Перед глазами пошли бензиновые пятна. Скучный… Так говорил про меня брат; в ту секунду в ушах даже звучал его баритон, повторяющий это слово.
Я послушно сел обратно, чувствуя знакомую слабость, не позволяющую двигаться.
– Всё проще, чем кажется, – она подёргала меня за руку, ловя взгляд. – Ты участвуешь в игре, которая стирает людям память, а потом помогает её восстановить. В ближайшее время ты будешь вспоминать свою жизнь. Не сомневайся – она твоя.
«Игра и стёртая память… Я в бреду или она?»
Алиса смотрела на меня, не моргая, будто ждала какой-то бурной реакции, которую потом можно будет показать инвесторам и сказать: «Смотрите, какая у нас смешная дрессированная мартышка! Вложите деньги в наш проект и увидите ещё много таких, даже лучше!» Но я всё ещё был безучастен и молчал. Как рохля – не мог ничего придумать, поэтому послушно принимал это, кажущееся совсем безумным, объяснение. Лучше плохие ответы, чем вообще никаких; лучше этот самодельный кораблик из бумаги, склеенный наспех и разваливающийся в руках.

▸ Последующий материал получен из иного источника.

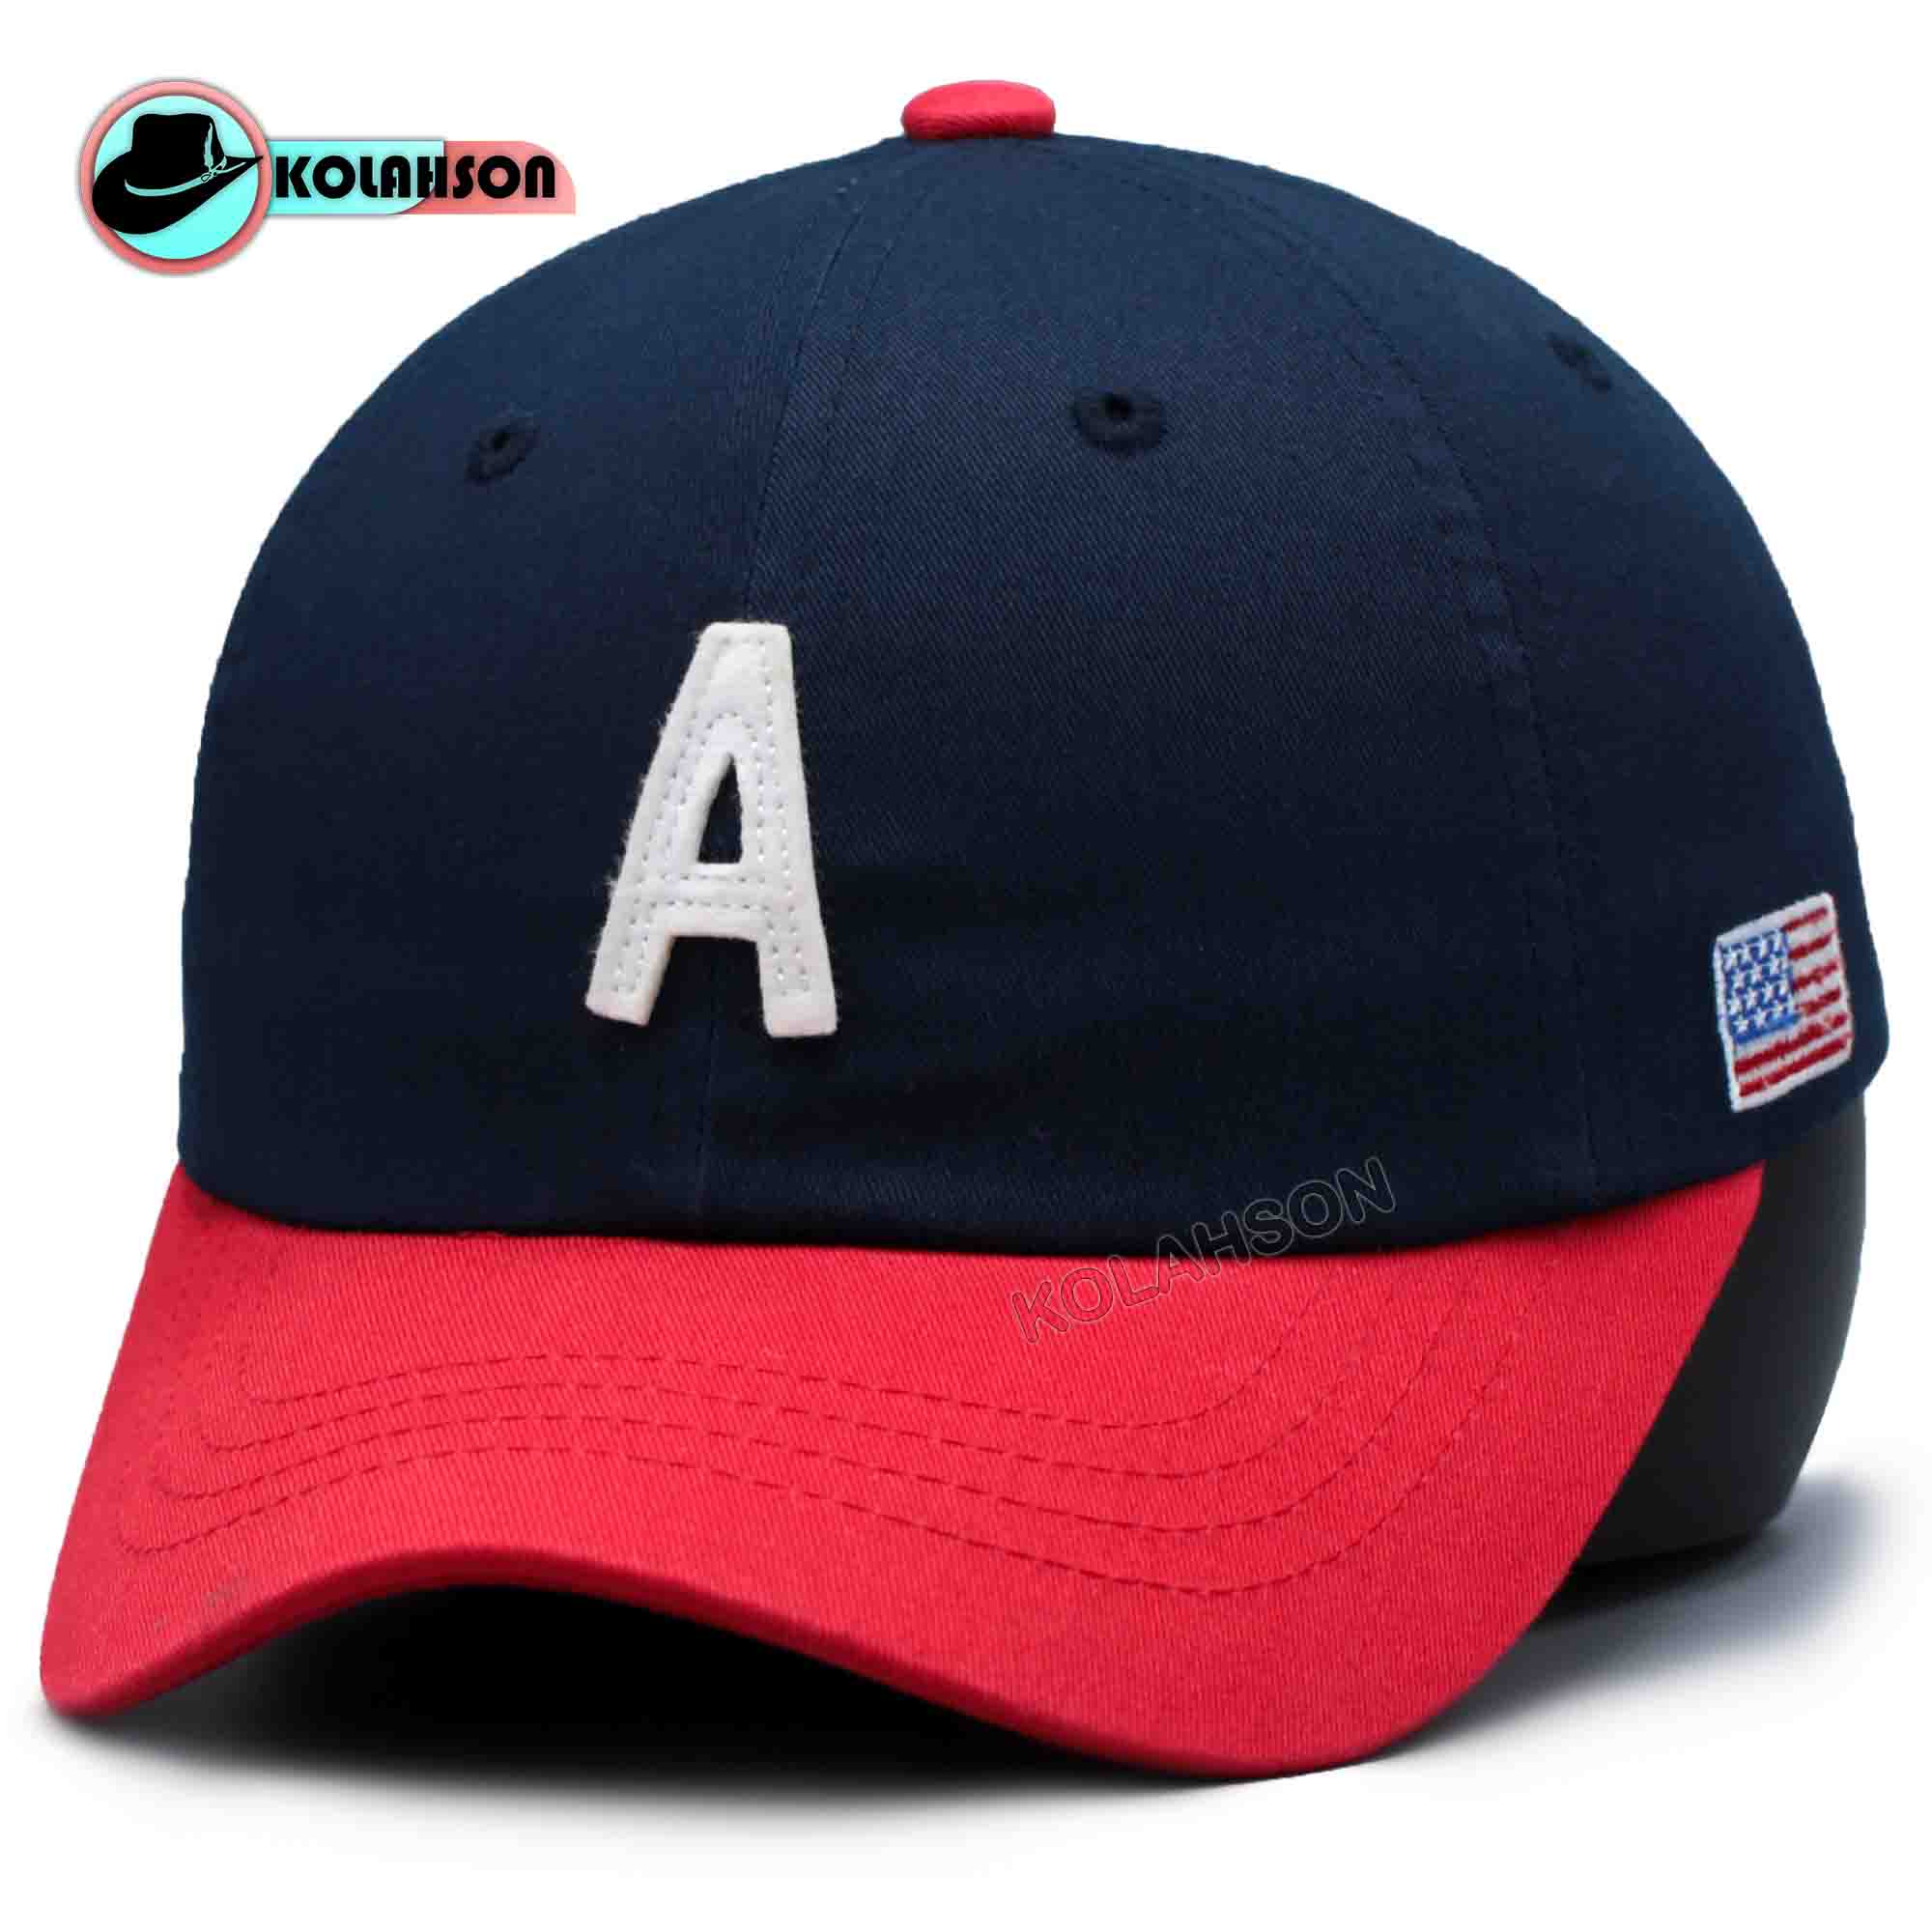 کلاه بچگانه ی اسپرت بیسبالی طرح A تک رنگ به رنگ سرمه ای با نقاب قرمز مناسب سایز 52 تا 55 کد KBEBTATRBRSBNGHMS52T55001
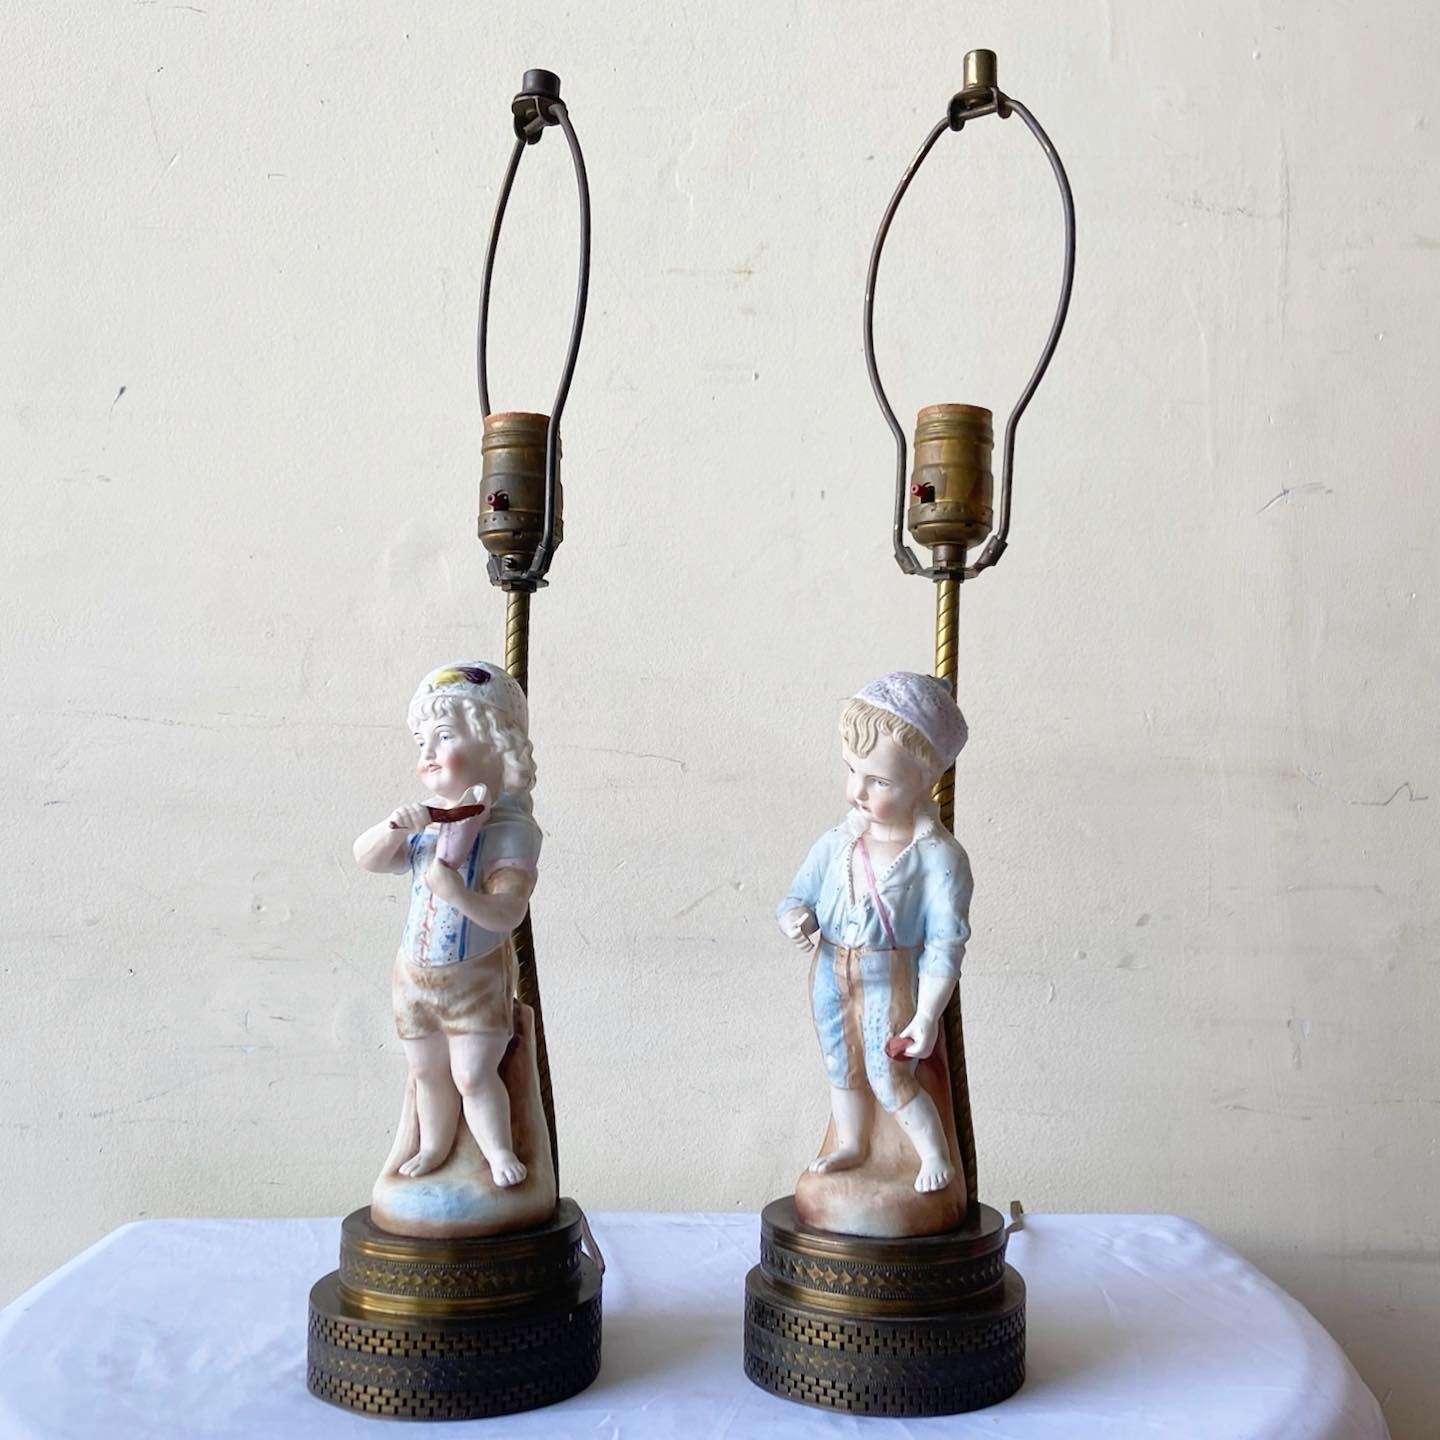 Außergewöhnliches Paar von Vintage-Keramik-Tischlampen. Jede Lampe zeigt einen Jungen und ein Mädchen mit einem Messingfuß.

– И в чём суть этой игры? Какова твоя роль? Саши? Где мой брат? Он появится? Есть доказательства, что он вообще существует? Сколько всё это будет длиться?
Алиса закатила глаза.
– Ну что за человек! Задаёт такие занудные вопросы. Я не стану на них отвечать. Но ты можешь задать другие, те, которые интересуют тебя на самом деле, – она поиграла бровями, и я, невнимательно оглядев её, попробовал сосредоточиться.
Что меня интересует на самом деле? Пока эта выдуманная история, которую пытались мне навязать, не интересовала меня вообще. Что спрашивать? Вопросы логики её не устроили. А других у меня нет. Хотя…
Переведя взгляд на пруд, я закусил губу. По инерции. Так я, похоже, делал в прошлом; разум знал больше тела, но меня волновало другое: почему человек из воспоминаний так не похож на меня нынешнего?
– Например, что ты знаешь о себе? – не дождавшись ответа, подсказала Алиса. – О своей жизни. Кем были твои родители, какой любимый цвет у мамы.
– Не уверен, что он у неё вообще есть, – нахмурился я, представляя безликую женщину в джинсах и свитере кремового цвета. – Мне кажется, у большинства людей его нет.
«Даже, пожалуй, у меня».
Я перебрал немногочисленные воспоминания
своего нового прошлого. В эпизоде с песочницей я в коричневых шортах и голубой футболке, в которые меня, очевидно, одела мама; в воспоминании с подружками Кристиана на мне чёрные брюки и тёмно-бирюзовая водолазка; отца я встретил в джинсах, короткой серой куртке и чёрной шапке. Никакой уникальности. А вот близнец – у него даже был какой-то стиль. Одежда всегда строгая – никаких спортивных штанов и мешковатых кофт, – палитра включает оттенки чёрного, белого, фиолетового, синего. Он всегда кажется идеальным, в отличие от меня.– Ты никогда не задумывался, почему у тебя нет детства? – продолжила Алиса, не давая задержаться на восхвалении близнеца. Пришлось посмотрел на неё снова.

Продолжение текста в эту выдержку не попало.